The guidelines also require that the PDCA cycle – conducting risk analysis, setting a plan, and practising, evaluating and reviewing security measures – works well. Furthermore, to ensure security, banks are required to take measures according to the characteristics of their customers and operations, while identifying risk arising at the time of structuring its IT system and each phase of use, based on the content of discussions at the Study Group on Cyber Security.
The guidelines also require banks to aim at improving security as a whole, rather than taking individual measures in an impromptu manner, by combining multiple effective measures, as well as determining necessity and measures to take prompt action on recognising the existence of risk sufficiently, and developing a control environment to prepare a verified security programme against various crimes, revisable as needed.
FINTECH AND STABLECOIN
(1) Remittance and payments. Following enactment of the Payment Services Act in 2010, a funds transfer services licensing system was introduced enabling banks to conduct funds transfers of up to JPY1 million per transaction without a banking licence. A system of issuers of prepaid payment instruments was also introduced that focuses more on the payment function than on fund transfers.
At that time, electronically issued prepaid payment instruments were not common, but in recent years they have become widely recognised as non-refundable electronic money. Subsequently, the revised Payment Services Act, enacted in 2021, resulted in the introduction of three types of licensing systems for fund transfers: one for transactions of more than JPY1 million; another for transactions of above JPY50,000 and below JPY1 million; and a third for transactions under JPY50,000.
This was accompanied by the imposition of strict regulations such as requiring type 1 fund transfer services with no maximum remittance amount to be not only registered but also licensed.
(2) Stablecoins. Japan’s revised Payment Services Act, enacted in 2017, introduced a registration system for crypto asset exchange services. However, the regulatory treatment of subsequently launched stablecoins was unclear, so Japan led the world in introducing regulations on stablecoins, clarifying their position in financial regulations. These regulations are expected not only to contribute to user protection in Japan, but also stimulate innovative financial services using blockchains.
As of 18 March 2024, there are no examples of businesses registered for electronic payment instruments business to conduct the purchase and sale of electronic payment instruments, namely stablecoins. But several businesses are expected to obtain licences and begin distributing stablecoins in Japan by the end of 2024.
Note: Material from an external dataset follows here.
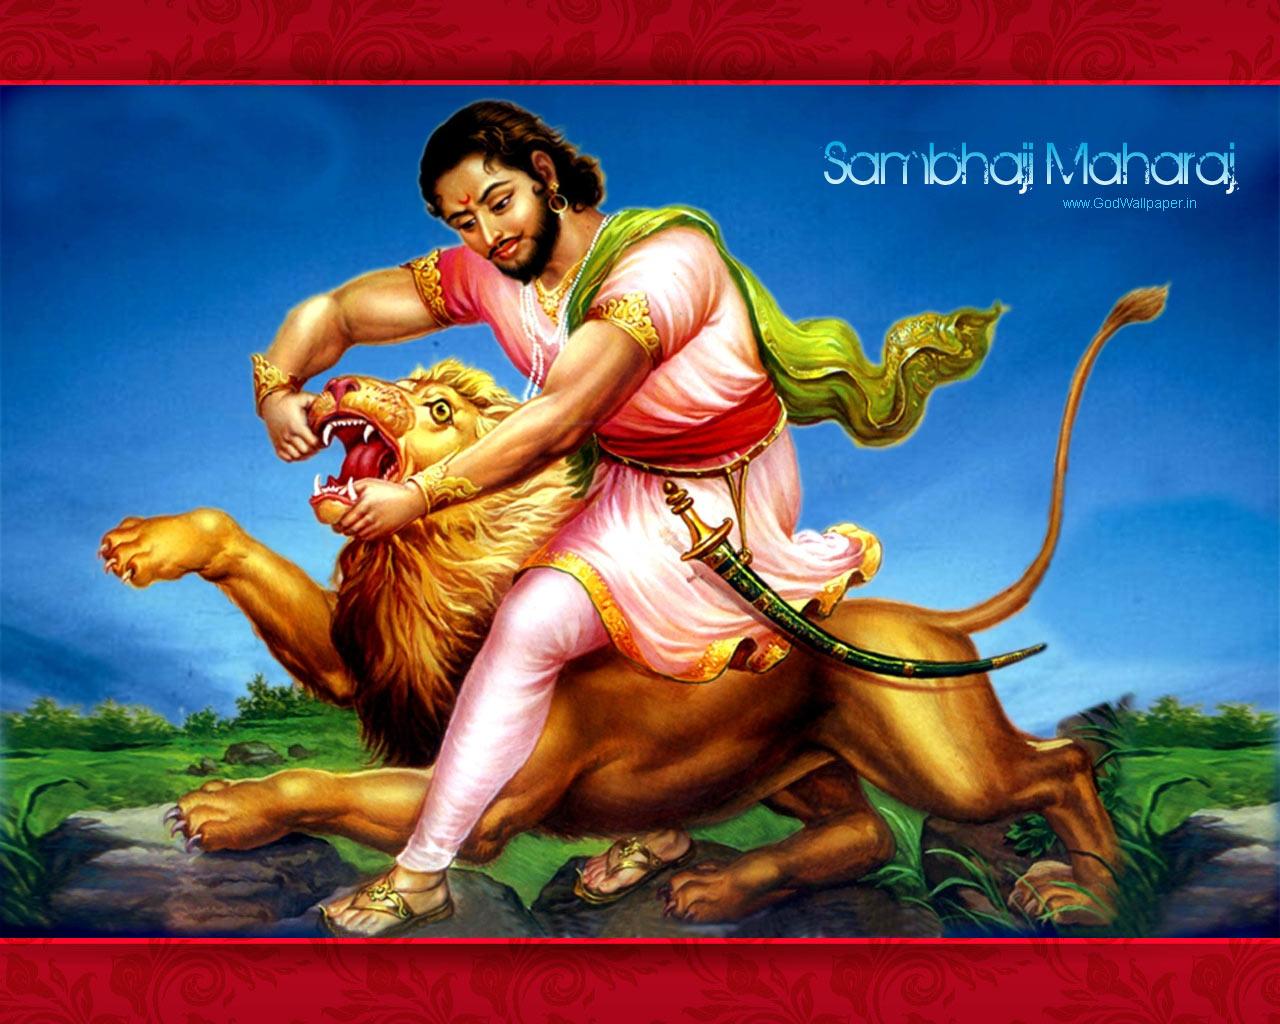 Sambhaji Maharaj Wallpapers Photos Images Download

(3) Financial service intermediary business. The Act on the Provision of Financial Services, enacted in 2021, established a new financial services intermediary business that enables intermediary business operations in all areas of banking, securities, insurance and money lending by submitting just one registration.
This licence is primarily used by fintech companies developing businesses enabling users to access a variety of financial services through a single app, and non-financial businesses, to enter financial businesses.